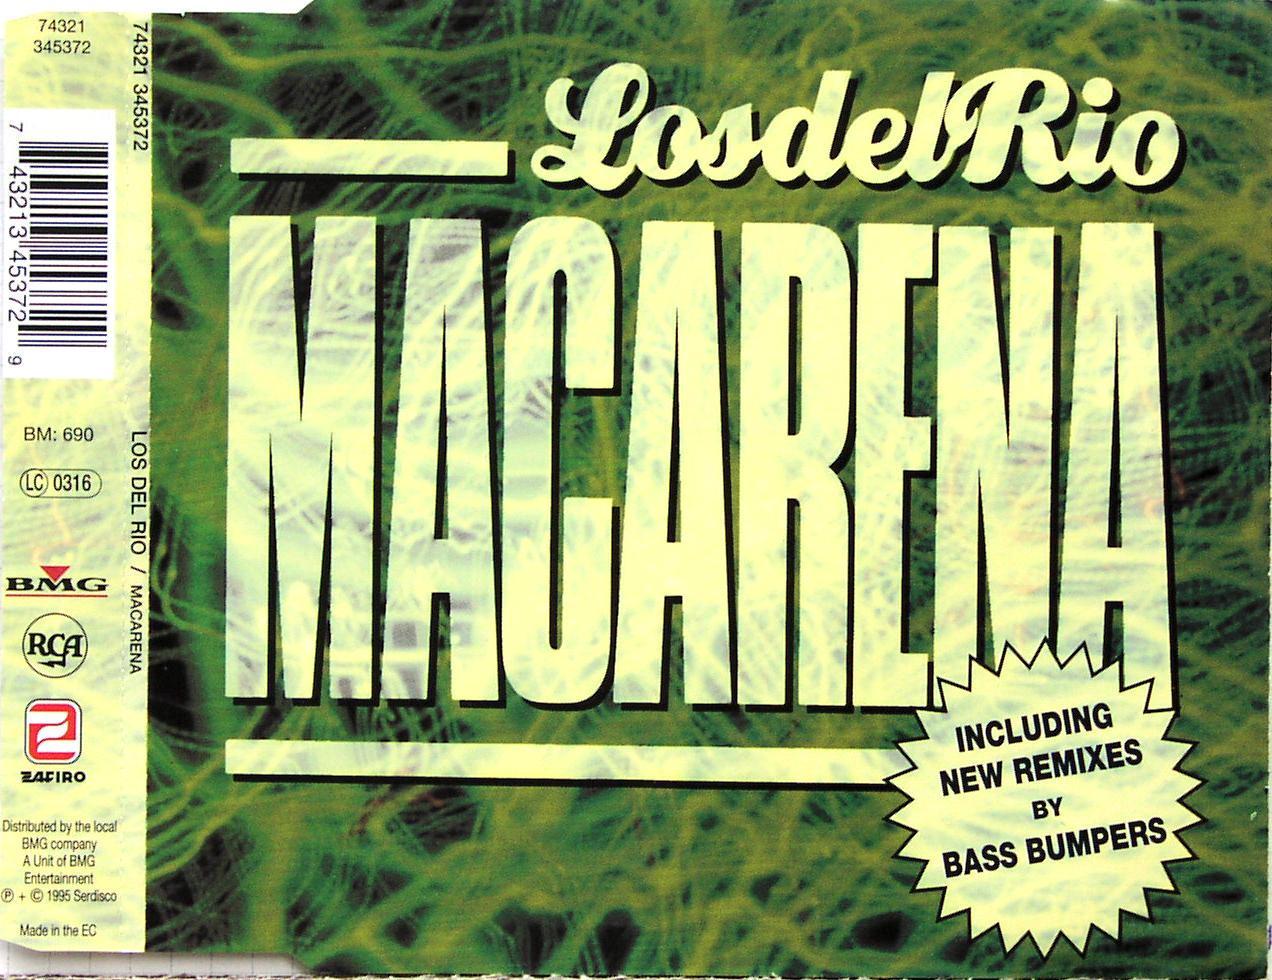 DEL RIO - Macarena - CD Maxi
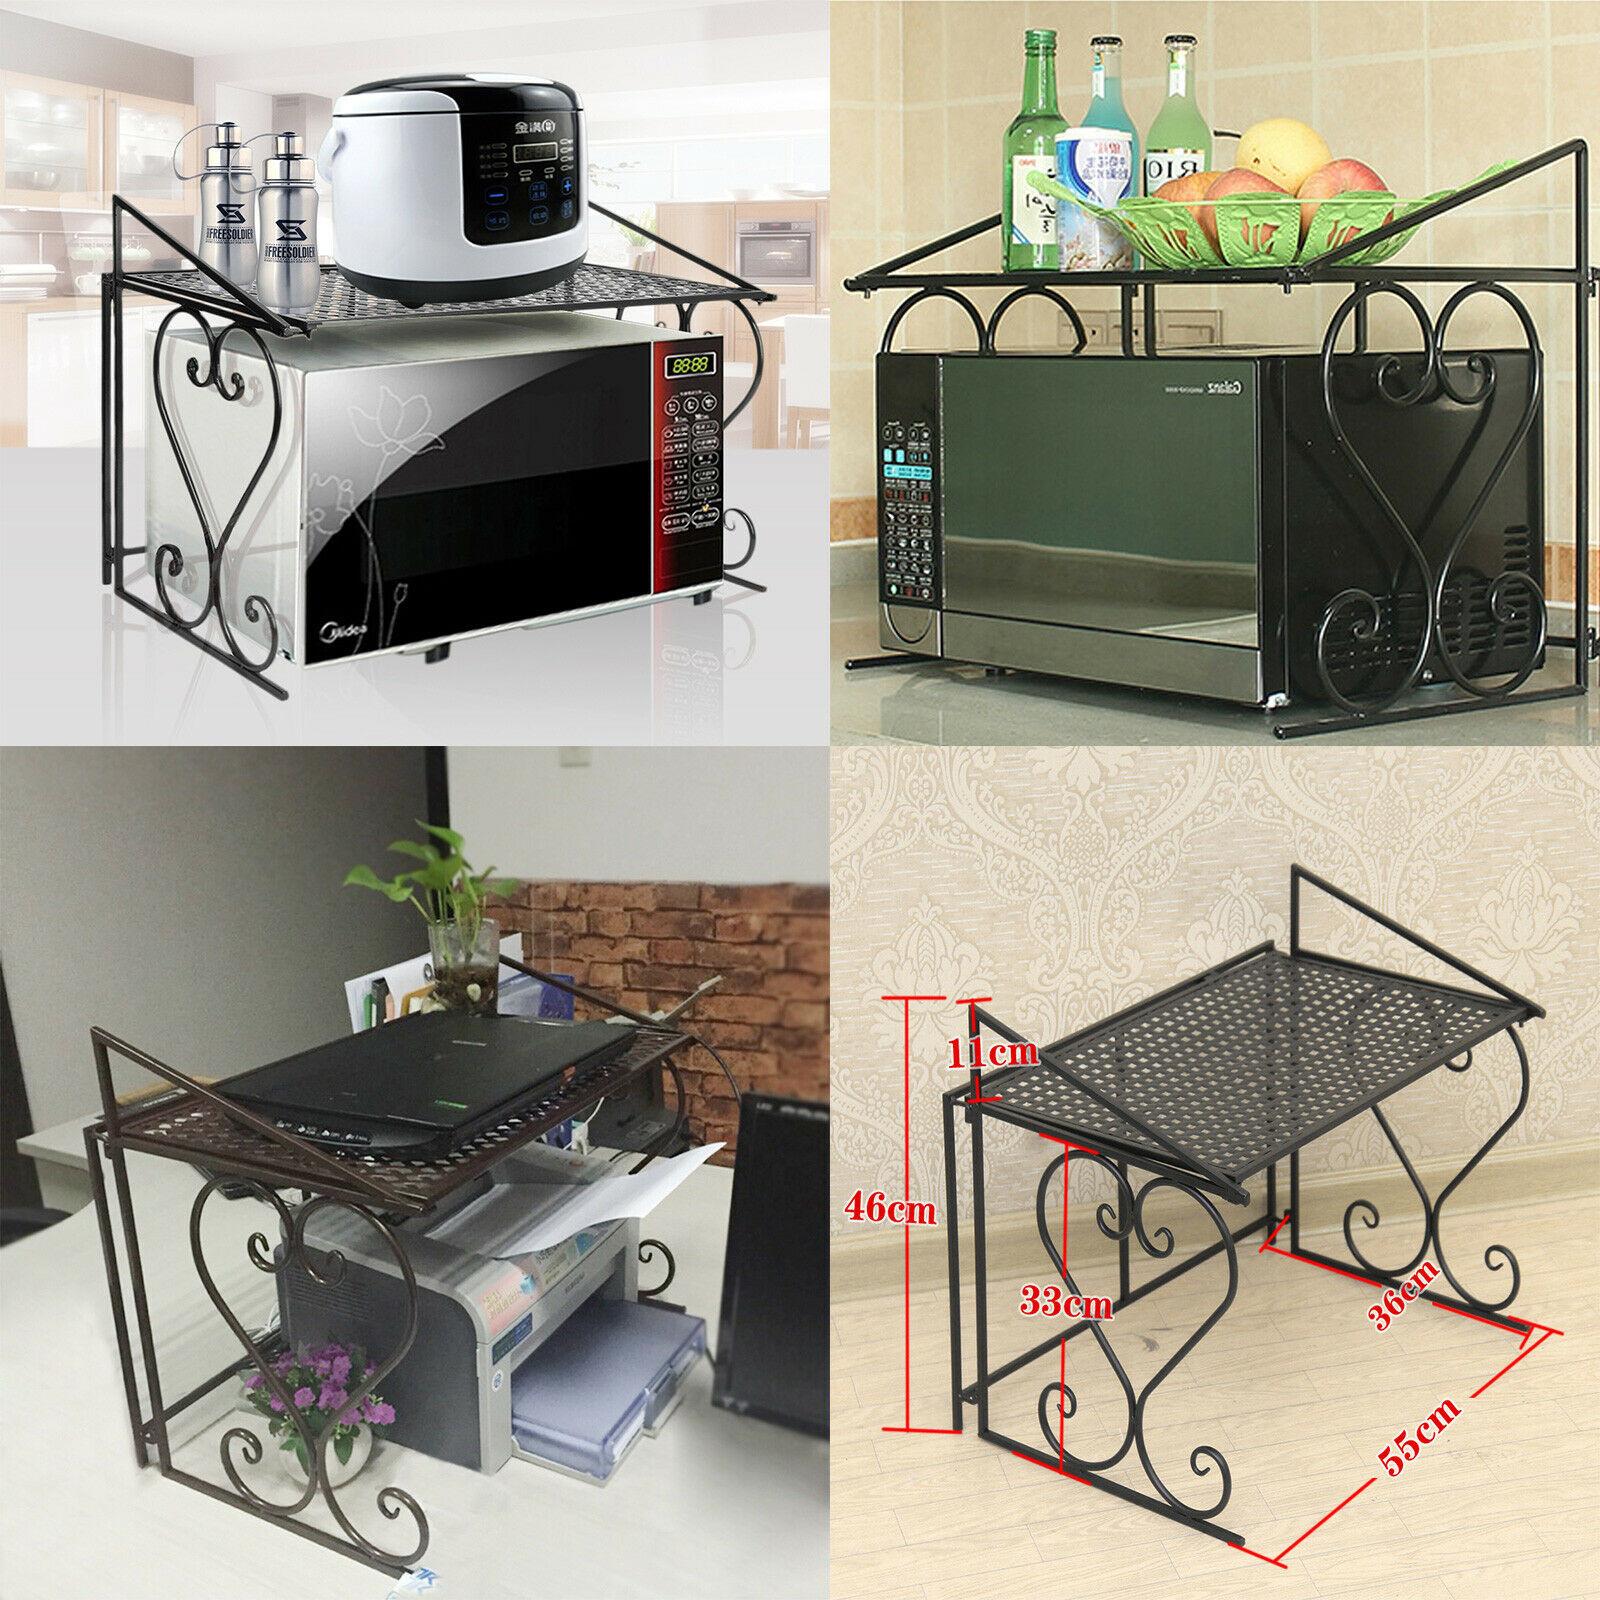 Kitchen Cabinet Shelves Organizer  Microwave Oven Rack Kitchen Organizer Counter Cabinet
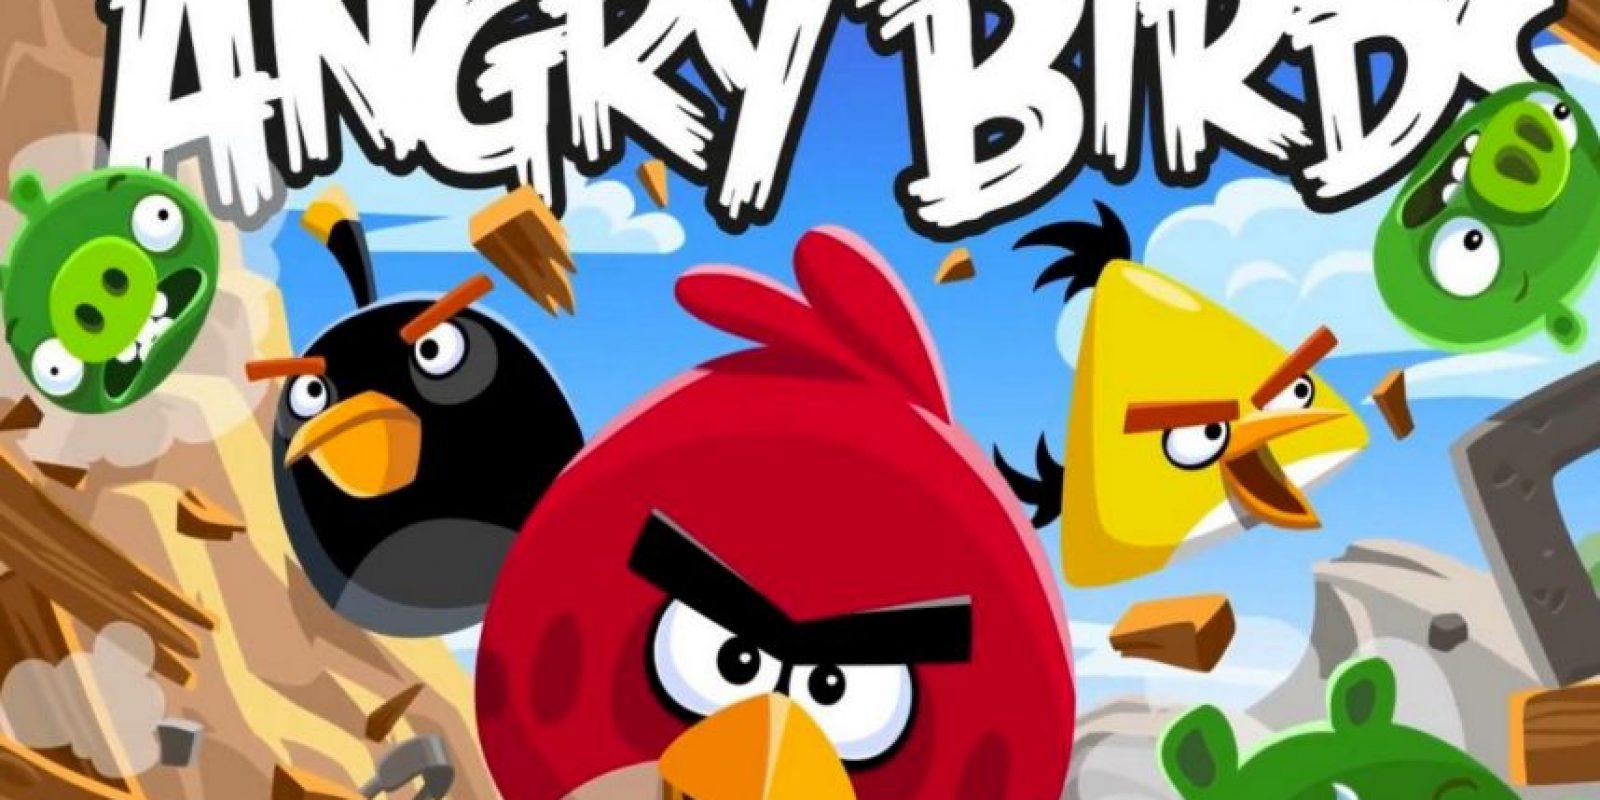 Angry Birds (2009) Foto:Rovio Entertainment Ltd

● Task
Your task is to retype exactly, and only, the lines from the one that holds "Kitchen Cabinet Shelves" through the end of the listing, both end lines included, without any pictures.

● Solution for this task
 Kitchen Cabinet Shelves Organizer  Microwave Oven Rack Kitchen Organizer Counter Cabinet
 Angry Birds (2009) Foto:Rovio Entertainment Ltd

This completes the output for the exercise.